Prequalification versus Preapproval
When you are ready to start your homebuying journey, the first step is to get prequalified or preapproved. Both of those terms sound very similar are they are similar, but being prequalified is an estimate of what you may get approved for. Your loan officer will ask you some questions about your income, debts, and credit. They may even pull your credit or you may give them your score if you have recently reviewed you credit report. This can give the real estate agent a basic idea to start sending you home search results. Before you go visit a home, you should always make sure to get preapproved so you know for certain how much home you can afford. If you like a home, you’ll want to place an offer and you can’t do that without a preapproval.
You don’t have to buy a house at the max of your qualification. You may qualify to borrow more money than you are comfortable spending on a home. In that situation, limit your home search to houses priced at a monthly payment you are comfortable with. You can use our affordability calculator to play around with the numbers.

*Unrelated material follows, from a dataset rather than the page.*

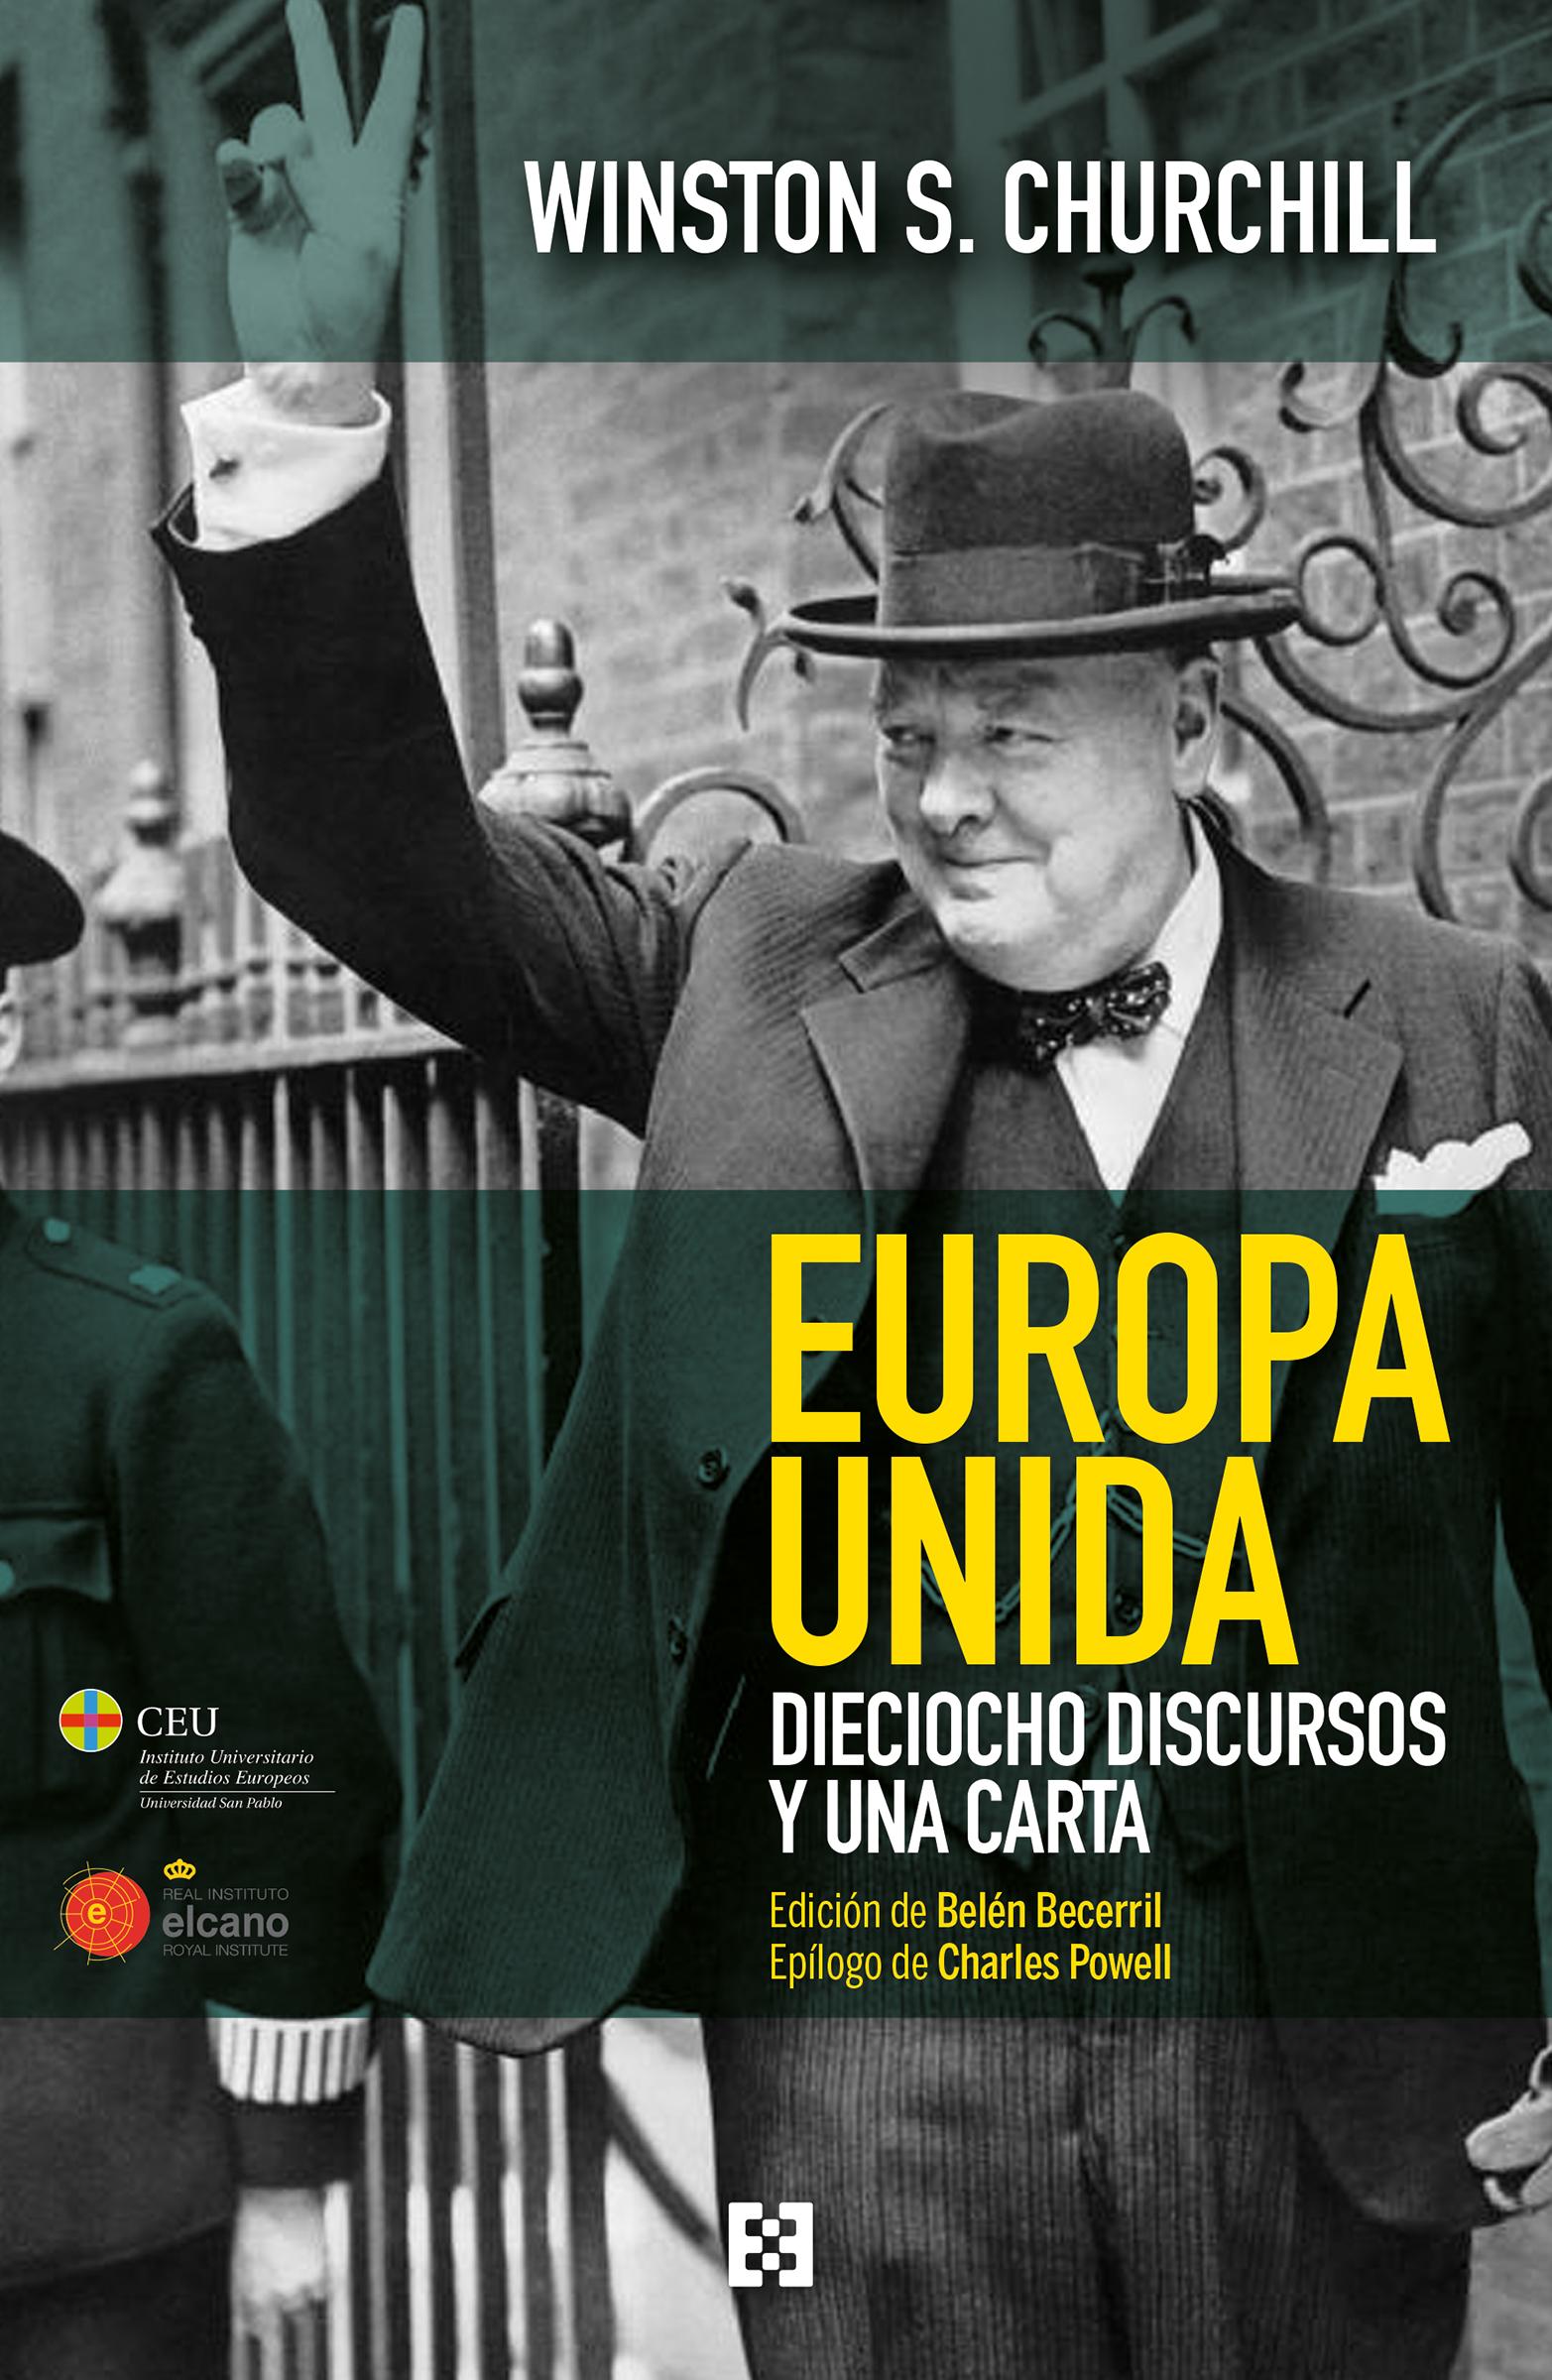 Europa unida, según Churchill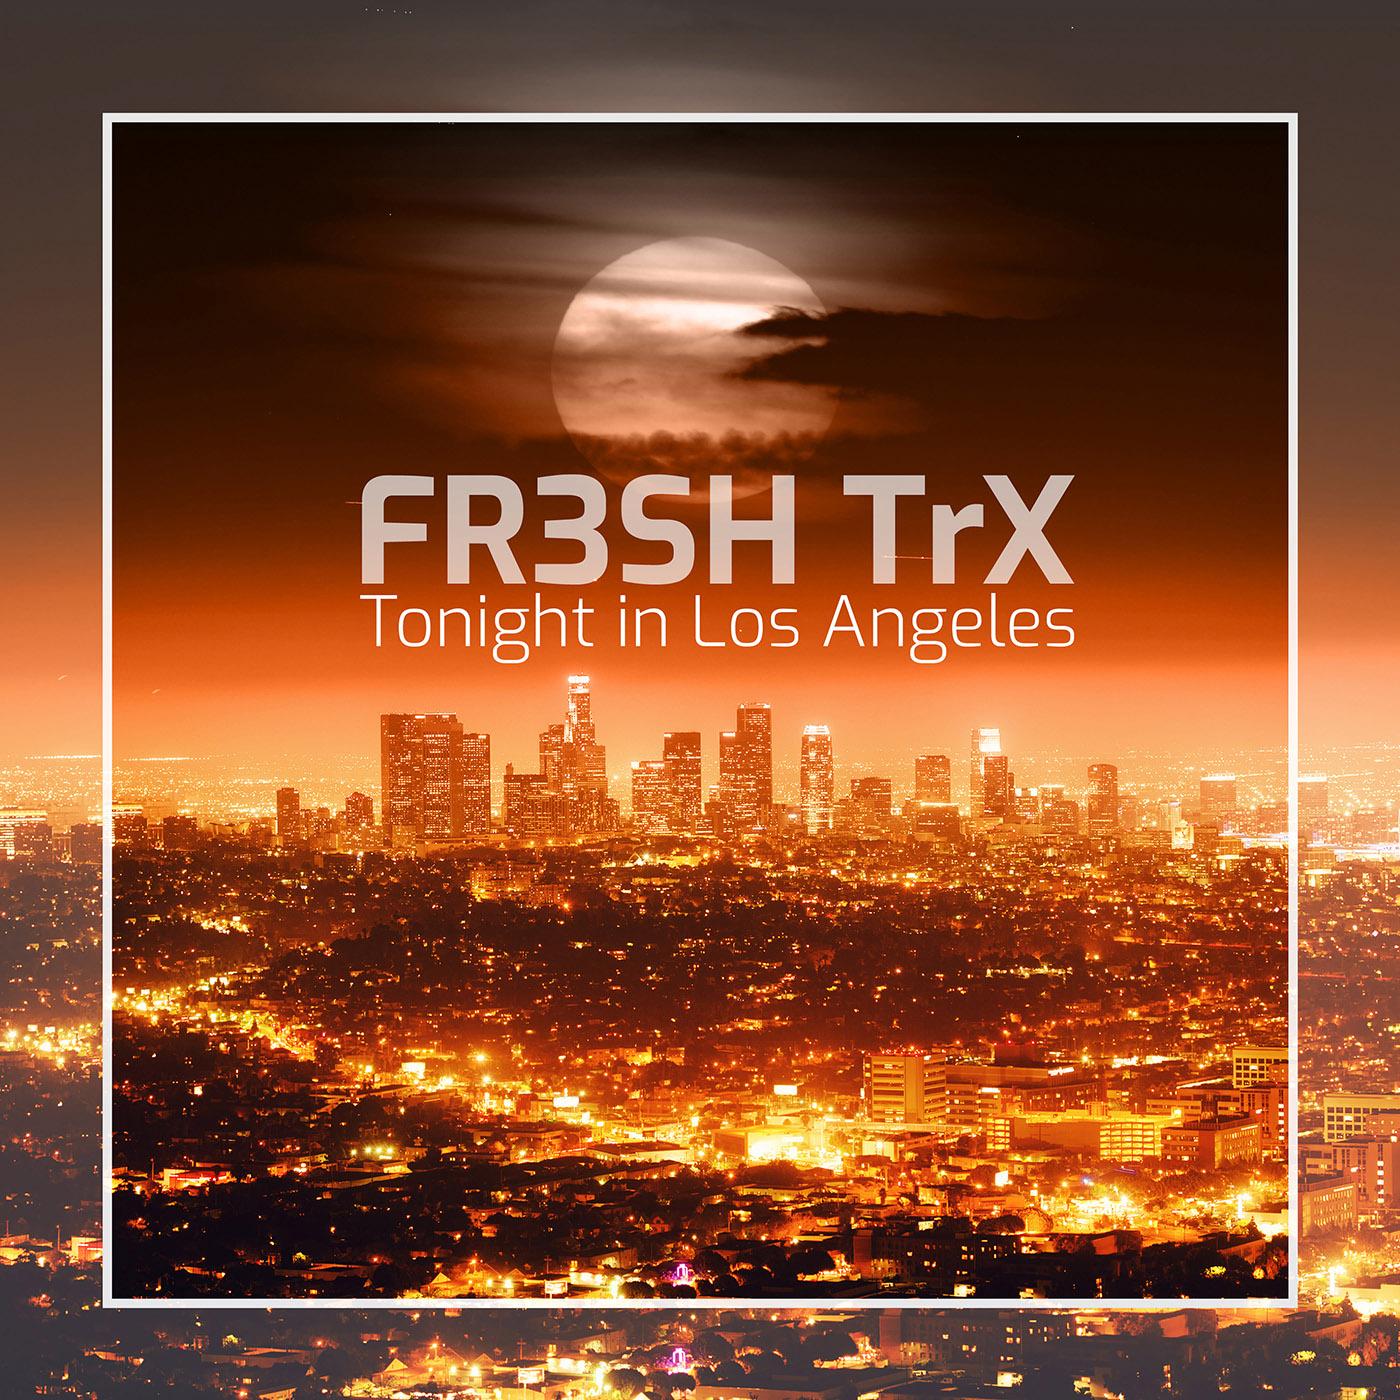 "FR3SH TrX ""Tonight in Los Angeles"" – let's get fr3sh!"

Getting preapproved involves very similar information except more of the information is verified. For your credit review, a tri-merged credit report is pulled. This includes all 3 credit bureaus: Experian, Equifax, and Transunion. Your middle score will be used for credit qualification. Other factors like past bankruptcy and mortgage late payments will also play a role in qualification. The credit report will also serve as verification for your debts. For verify your income, past W2 and paystubs will need to provided.